3 Ups And 2 Downs From David Brent: Life On The Road

The Downs:

2. It Doesn't Quite Hang Together As A Full Movie

David Brent Ricky Gervais Photoshoot Jpg
BBC/eOne

The biggest problem with "sitcom movies" (which, despite doubling as a spin-off, Life On The Road ultimately is) is that all too often they can wind up being a "special episode" rather than a fully-fledged movie, ballooning a thirty minute plot to ninety, and while David Brent is certainly no Likely Lads, it likewise can't quite carry the expansion to the silver screen.

Crucially, it drops in and out of being faithful to the documentary format. Brent narrates certain moments to save on set-up, which is fine until it's dropped mid-way through and the whole thing becomes a more conventional drama. In a similar forgetting of form, the conflicting camera angles and extreme close-ups are highly impractical from a silent film crew, while scenes in Brent's hotel room as he goes to sleep feel totally invasive. It allows for a more involving story, but This Isn't Spinal Tap.

The story is likewise a little choppy, made up more of vignettes than a coherent, flowing narrative. Entire sub-plots come and go without a mention, almost like a massive amount of set-pieces were shot and the best few actually put in the film.

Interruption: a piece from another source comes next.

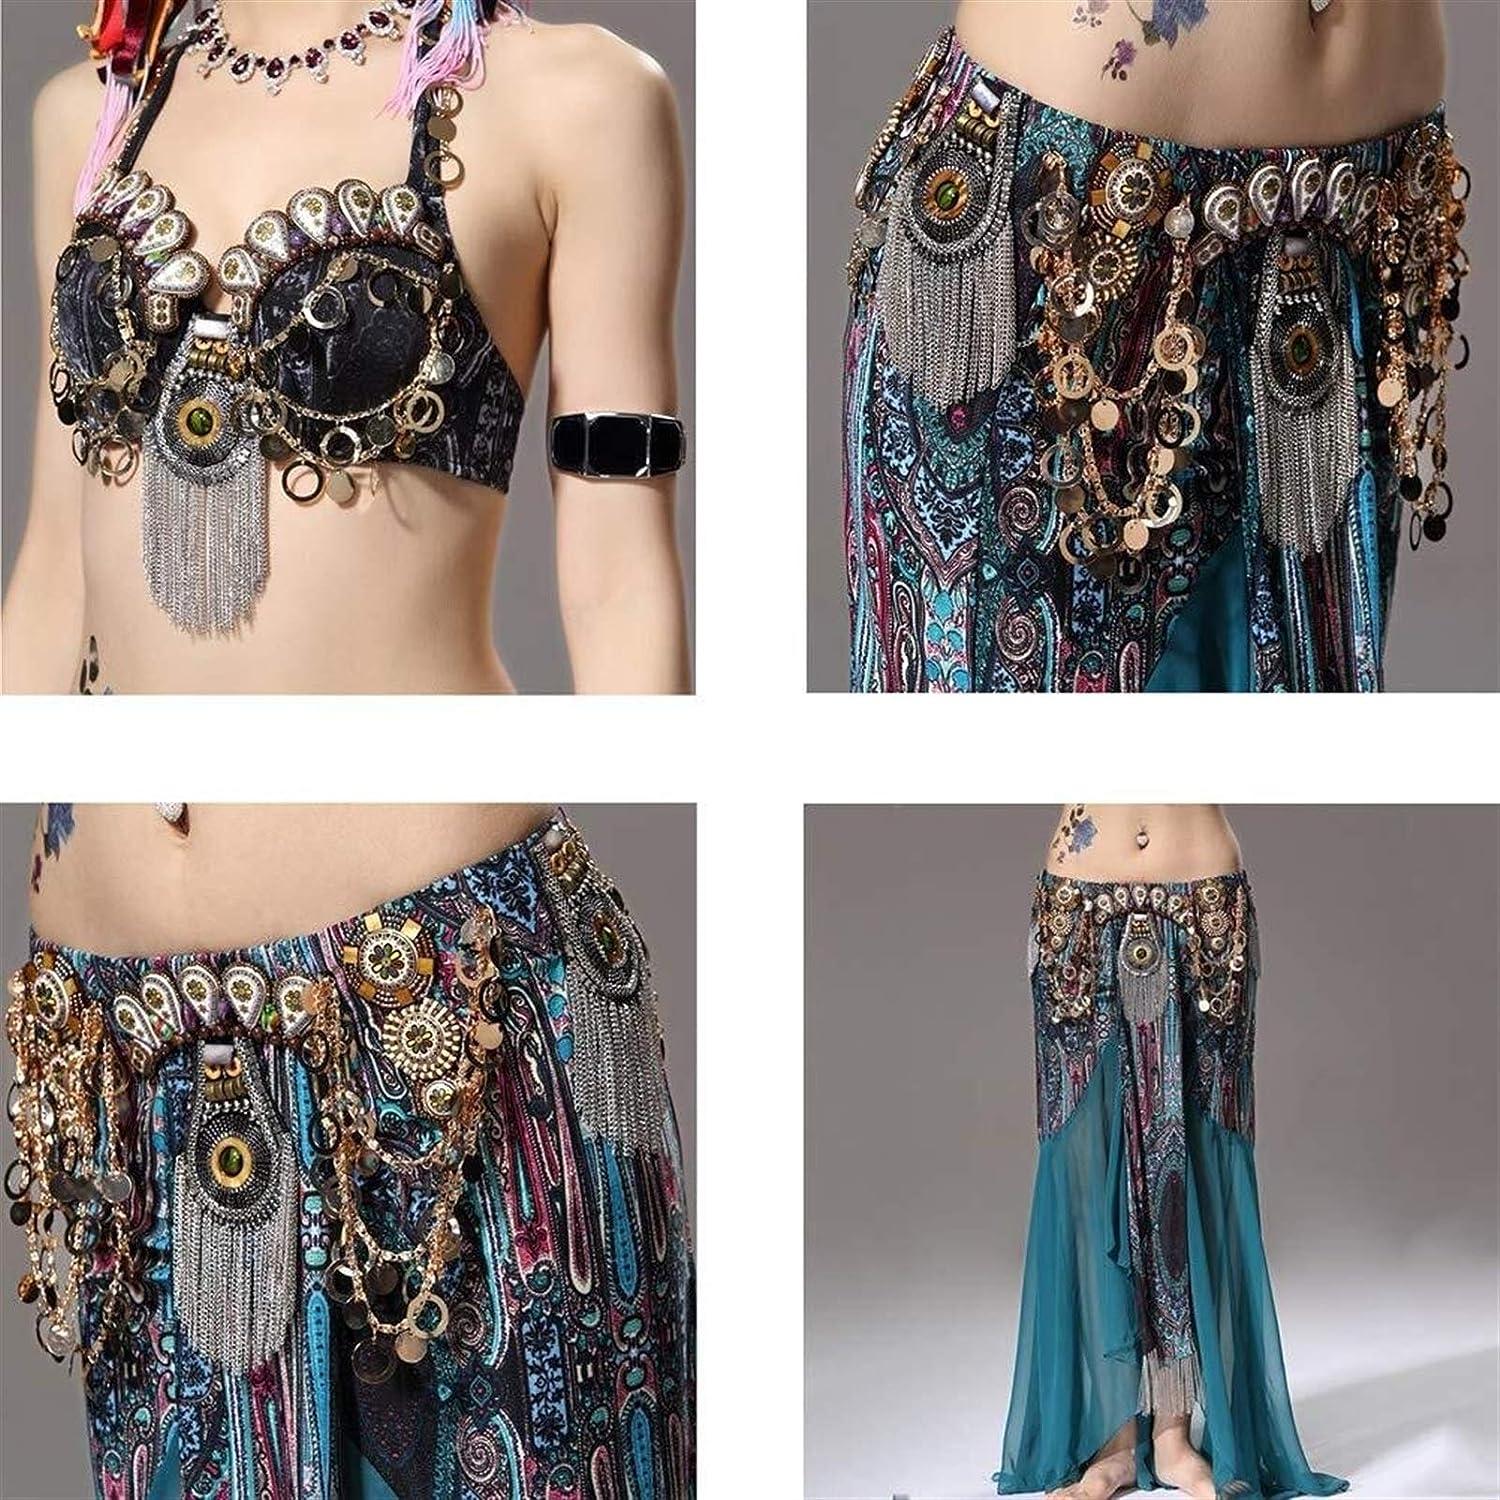 Belly Dancing Outfit, B Dance Practice Dress, Skirt Belly Dance Costume  Tribal Costume Set Belly Dance Practice Costume Skirt Medium Green

Gervais is an experienced director by sheer numbers, but the only one of his previous films that really worked was Cemetery Junction, which he made alongside Stephen Merchant (and that was mired in overwhelming sentimentality), and that shows to some degree here. Maybe it would have worked better as a TV special. Although they couldn't have actually done that, because it's kinda already been done...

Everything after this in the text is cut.